Nothing beats a good massage after a long day of driving and walking around the city. Check out Balai Princesa for an evening spa and fine dining. Either way, make sure to get enough rest for a nature- and adventure-filled trip the next day.
Nature and adventure
For Day 2, island-hopping and snorkeling in Honda Bay or a visit to the coastal village of Sabang to see one of the seven wonders of nature, the Puerto Princesa Subterranean River National Park.
The Sabang tour starts as early as 7 a.m. for a hotel pickup at the city center. After a two-hour van ride, arrive at the port of Sabang where a 15-minute boat ride takes visitors to the beach and forest leading to the underground river entrance.
Boatmen, who are trained as guides, bring groups of eight through at least 4 km of navigable stretch of the river. Some areas are closed to protect this delicate attraction.
Visitors must wear life jackets and helmets, and are given audio devices to guide them through the timeline of the underground river’s discovery and its natural attractions. Marvel at bats living in the cave, giant mounds of guano, and stalactites and stalagmites in different forms and figures—the “Holy Family,” fruits, vegetables and even the “Titanic.”
The underground river and mangrove tours in Sabang are great introductions to Palawan’s rich landscape. It’s hard not to miss monkeys and monitor lizards roaming freely.
Sabang has spelunking activities for day trippers. Visit the Elephant Cave and the Hundred Caves, and Ugong Rock for a zip line choice.
Back to Puerto Princesa, take a fun detour to MAX Palawan and drive on a little adventure trail with an ATV. One may ride a kayak or paddle board in the river at the end of the trail.
After the exhilarating ATV ride, check out Viet Ville, a restaurant built from a former camp of Vietnamese refugees. Although the village has ceased to exist, the restaurant remains to serve authentic pho and banh mi.

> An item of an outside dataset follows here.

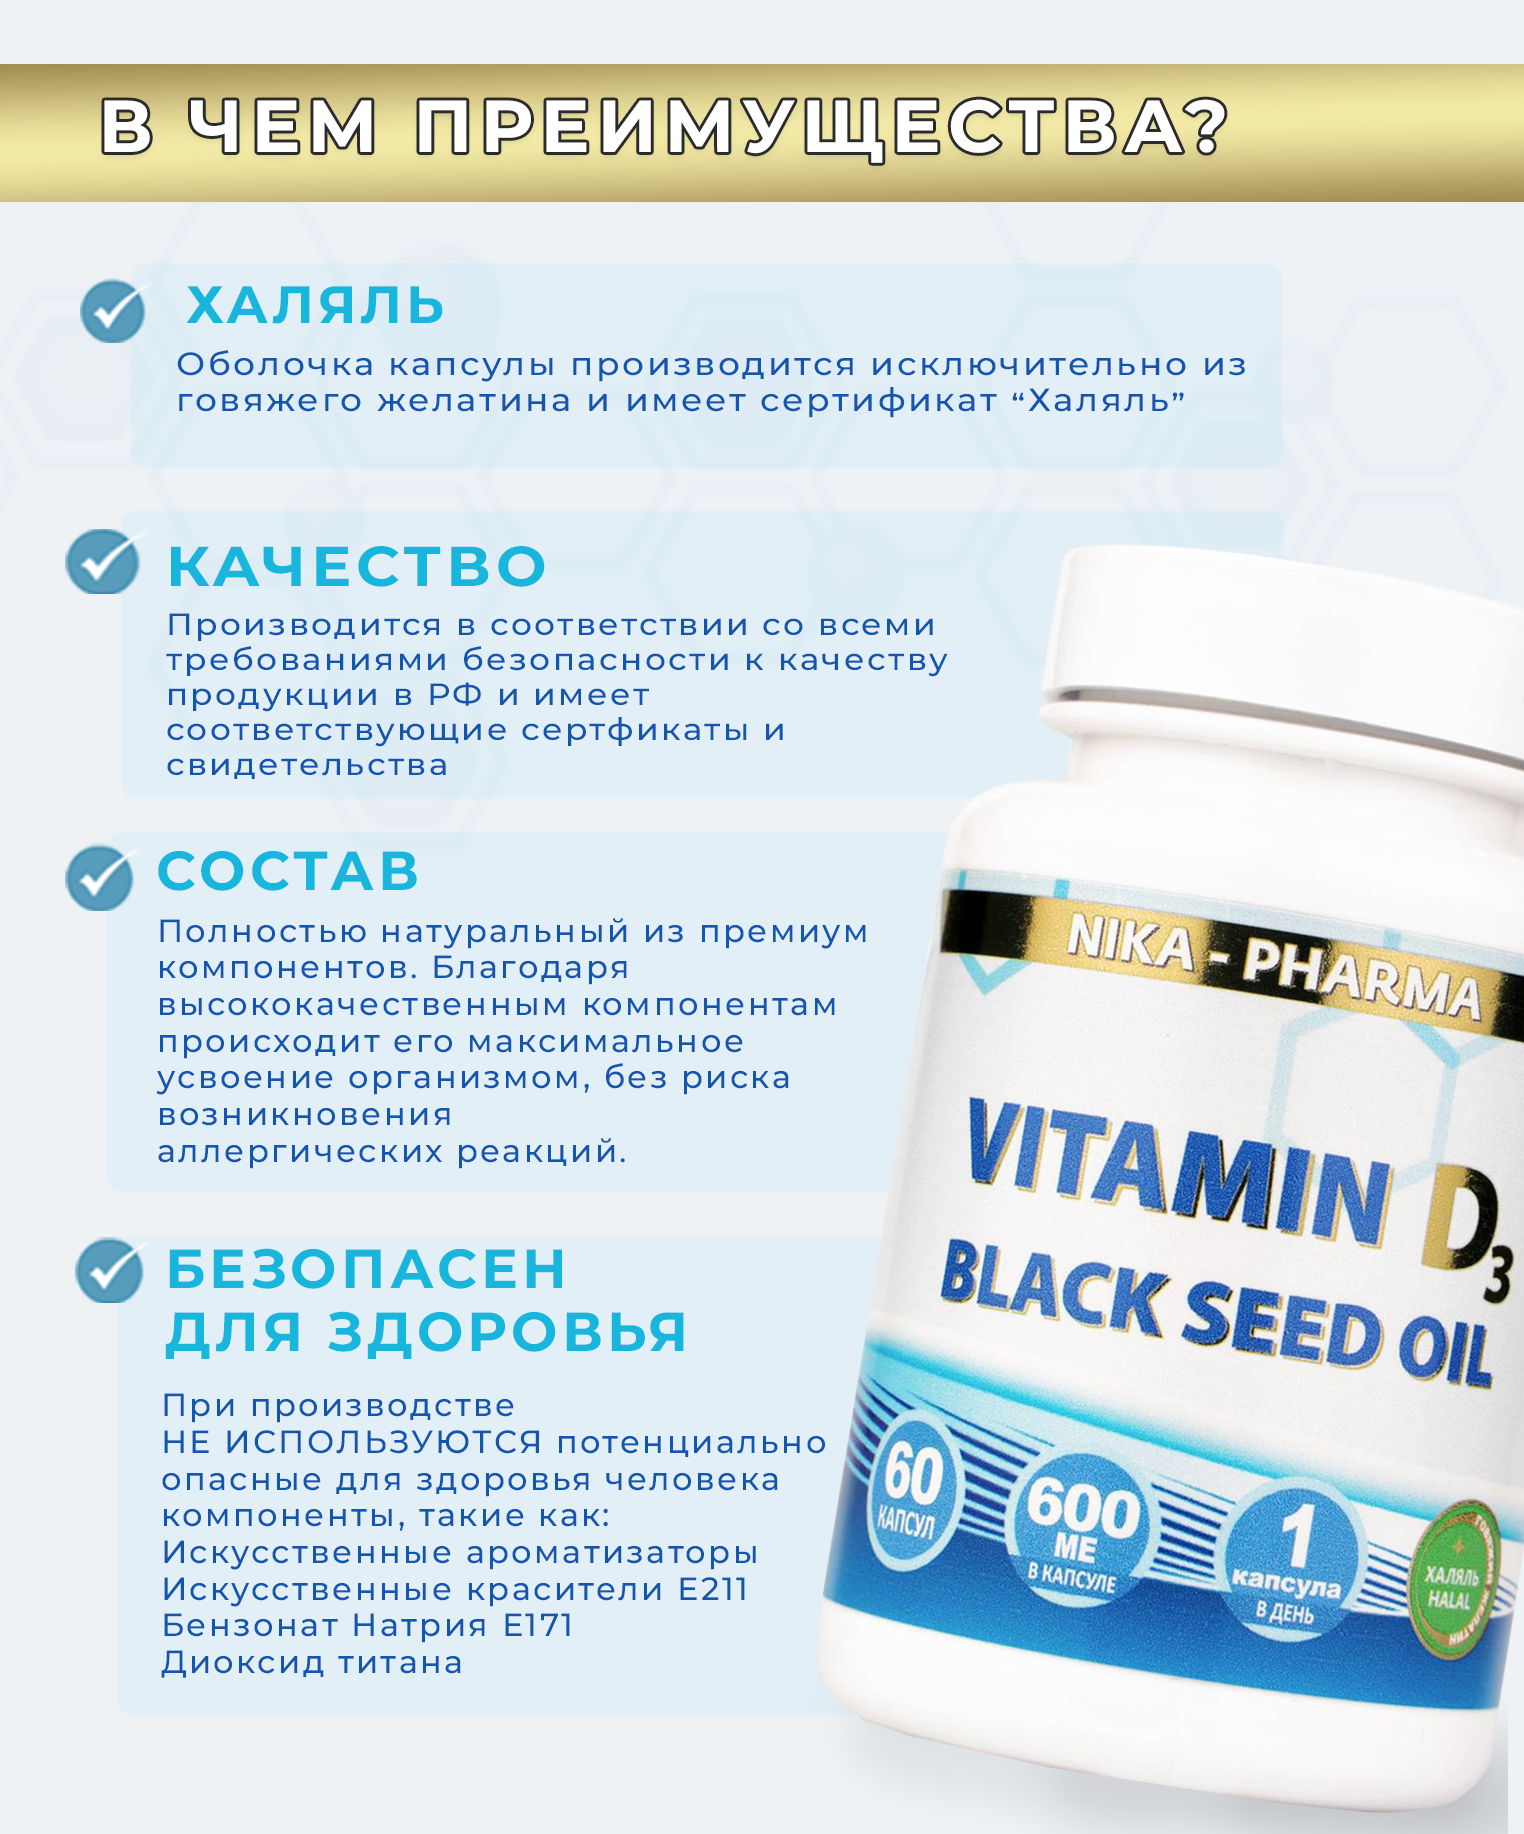 Витамин Д NIKA-PHARMA с маслом черного тмина - фото 6

Sample drinks are offered by Palaweño Brewery, the first and only craft beer maker in Palawan.
For dinner, go a little bit south and paddle on the Iwahig River for firefly watching. The tour comes with dinner buffet.
Check out two of the weekend markets featuring local and artisanal products for pasalubong.
Drop by Rurungan Sunday Market—every first Sunday of the month at Rurungan Compound on Abanico Street or Binhi Mindful Market—every payday weekend at the garden of Canvas Boutique Hotel, a three-minute ride from Puerto Princesa International Airport.
To give your Puerto Princesa tour a twist, visit the Palawan NGO Network Inc. (PNNI) office to get a sense of the environmental challenges facing the province.
PNNI enforcers have confiscated over 700 chainsaws, three dozen dynamite and cyanide fishing boats, mining equipment, and several trucks and vessels in eight years of running after loggers and illegal fishers. All of these are on display in their museum.
Puerto Princesa City is accessible by air and sea. Flights are available from Manila, Clark, Cebu, Davao and Iloilo via Philippine Airlines, Cebu Pacific and Philippines AirAsia. Flights also service the city from Busuanga, Cuyo and San Vicente via Air Juan.
By ferry, 2Go Travel serves Manila to Puerto Princesa via Coron twice a week. Montenegro Shipping Lines and Milagrosa Shipping Lines have regular trips to Puerto Princesa from Iloilo via Cuyo.